Audition monologues are an efficient way for casting directors to quickly become acquainted with actors, observe their type, assess their present level of skill, and learn what kinds of roles they most relate to. However, some monologue practices interfere with casting’s ability to view actors in their best light and are in fact distracting and confusing. Here are seven practices to dodge during audition monologues to keep the focus right where it belongs—on your performance. 

1. Avoid Shock Monologues

Sometimes actors resort to using shock value in hopes of standing out amongst the competition or to seem edgy. Unfortunately, using hot political topics of the day, religious material, or iffy sexual subjects can make casting feel uncomfortable or even offended. When making a first impression, it’s better to avoid pushing people’s buttons. Similarly, acting out a murder on an invisible character or miming a death scene can come off as confusing, if not humorous. An authentic performance centered on subject matter you genuinely care about is a lot more powerful to watch.

2. Ditch the Props

It’s best to avoid monologues that involve a lot of prop work. Casting directors want to immerse themselves in the performance, so when a nail file, cigarette, or love letter suddenly make an appearance, it can be surprisingly distracting. Various casting directors, however, have different levels of tolerance when it comes to the use of props, but one rule always stands firm: no weapons allowed. They don’t want to see nunchucks whirling or pocket knives brandished for obvious reasons. While some casting directors are okay with cell phones, perhaps a coat or pen, most agree that a prop should only be used if it’s absolutely essential to the content of the scene. Regarding chairs, sitting during a monologue can work out quite well, but certain performances seem stifled while seated, so consider whether you’ll sit or stand beforehand. 

3. Sidestep the Miming

Unless casting requests talent to do so, miming is best avoided. Talking on an invisible phone or taking a slug of pretend beer has a comical effect and appears amateur. Miming during a monologue has the potential of turning into a game of charades: Did she slam a door or swat a fly? It’s too confusing to the viewer. But if the material absolutely requires a little prop work, mime it as briefly as possible and keep the piece moving forward. 

4. Avoid Using an Accent or Dialect

Unless specifically requested to speak with an accent or dialect, actors should use their own natural voice to prevent any confusion about their identity. Casting needs to know who exactly they’re dealing with when they select talent. Any mastered accents or dialects should be listed on the actor’s resume. 

5. Don’t Talk to the Air

During the monologue, pick a focal point to represent the character with whom you’re speaking. Imagine how this person is reacting to the speech as it unfolds and act accordingly. Also, unless asked to do so, avoid looking at casting directors while performing a monologue. Doing so can bring them out of the role of the observer and suddenly put them on the spot as if they’re part of the scene. And it can make casting feel uncomfortable. However, do make sure to look in a direction where it’s easy for casting directors to see your face as you speak.

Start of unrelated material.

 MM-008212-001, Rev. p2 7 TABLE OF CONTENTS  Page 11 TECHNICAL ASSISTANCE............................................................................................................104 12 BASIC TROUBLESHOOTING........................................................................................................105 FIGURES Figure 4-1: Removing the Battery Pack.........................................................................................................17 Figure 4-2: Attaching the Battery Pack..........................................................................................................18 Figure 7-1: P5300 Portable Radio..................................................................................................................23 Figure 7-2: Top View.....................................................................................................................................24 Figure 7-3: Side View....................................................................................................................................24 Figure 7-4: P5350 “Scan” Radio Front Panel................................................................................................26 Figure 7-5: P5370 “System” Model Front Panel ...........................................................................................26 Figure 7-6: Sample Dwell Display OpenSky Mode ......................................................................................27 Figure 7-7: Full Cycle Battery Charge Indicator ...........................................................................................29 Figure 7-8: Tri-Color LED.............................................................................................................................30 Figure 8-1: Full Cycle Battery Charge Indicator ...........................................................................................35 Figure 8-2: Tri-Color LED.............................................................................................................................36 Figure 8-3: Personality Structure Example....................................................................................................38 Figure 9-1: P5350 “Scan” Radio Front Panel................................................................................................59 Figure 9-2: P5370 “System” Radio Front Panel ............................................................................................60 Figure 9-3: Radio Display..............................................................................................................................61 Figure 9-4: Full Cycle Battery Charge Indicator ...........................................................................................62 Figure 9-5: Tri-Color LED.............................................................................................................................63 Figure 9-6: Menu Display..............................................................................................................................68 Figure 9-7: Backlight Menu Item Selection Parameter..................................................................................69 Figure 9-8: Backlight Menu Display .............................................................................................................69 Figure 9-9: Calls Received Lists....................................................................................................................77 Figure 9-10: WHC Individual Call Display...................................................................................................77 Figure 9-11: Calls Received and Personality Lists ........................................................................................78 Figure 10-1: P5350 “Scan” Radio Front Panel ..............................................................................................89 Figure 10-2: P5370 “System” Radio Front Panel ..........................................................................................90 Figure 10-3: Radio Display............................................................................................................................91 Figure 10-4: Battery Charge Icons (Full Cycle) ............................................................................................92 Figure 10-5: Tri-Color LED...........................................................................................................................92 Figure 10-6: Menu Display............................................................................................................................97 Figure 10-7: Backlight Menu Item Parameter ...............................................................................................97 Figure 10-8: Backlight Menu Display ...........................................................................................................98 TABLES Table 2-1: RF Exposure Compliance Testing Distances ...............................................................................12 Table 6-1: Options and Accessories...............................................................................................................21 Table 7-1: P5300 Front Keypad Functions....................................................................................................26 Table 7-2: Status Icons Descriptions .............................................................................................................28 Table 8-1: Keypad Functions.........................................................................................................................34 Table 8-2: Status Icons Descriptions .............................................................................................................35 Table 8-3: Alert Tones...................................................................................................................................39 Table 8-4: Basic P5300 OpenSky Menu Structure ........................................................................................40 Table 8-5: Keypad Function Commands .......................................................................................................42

6. Don’t Rush Your Delivery

Take your time to demonstrate you understand the true essence and artistry of the material. Casting is drawn in by your subtle emotion and the clarity of your words. It’s easy to miss the opportunity to fully connect with the material and the audience if you’re rushing.

7. Avoid Picking Popular Monologues

Casting directors see the same audition monologues delivered repeatedly. After all, the same monologue books and resources are available to everyone. Selecting an often-used monologue makes actors blend in with the crowd, and it conveys they didn’t put much thought into choosing material tailored to themselves. It’s better to find something more obscure to distinguish yourself. Be creative. You could perform a monologue using the lyrics to a poignant song, a passage from a favorite book, or from a character in a lesser-known Netflix series.

Focus on a truthful, authentic performance, and the rest will fall right into place.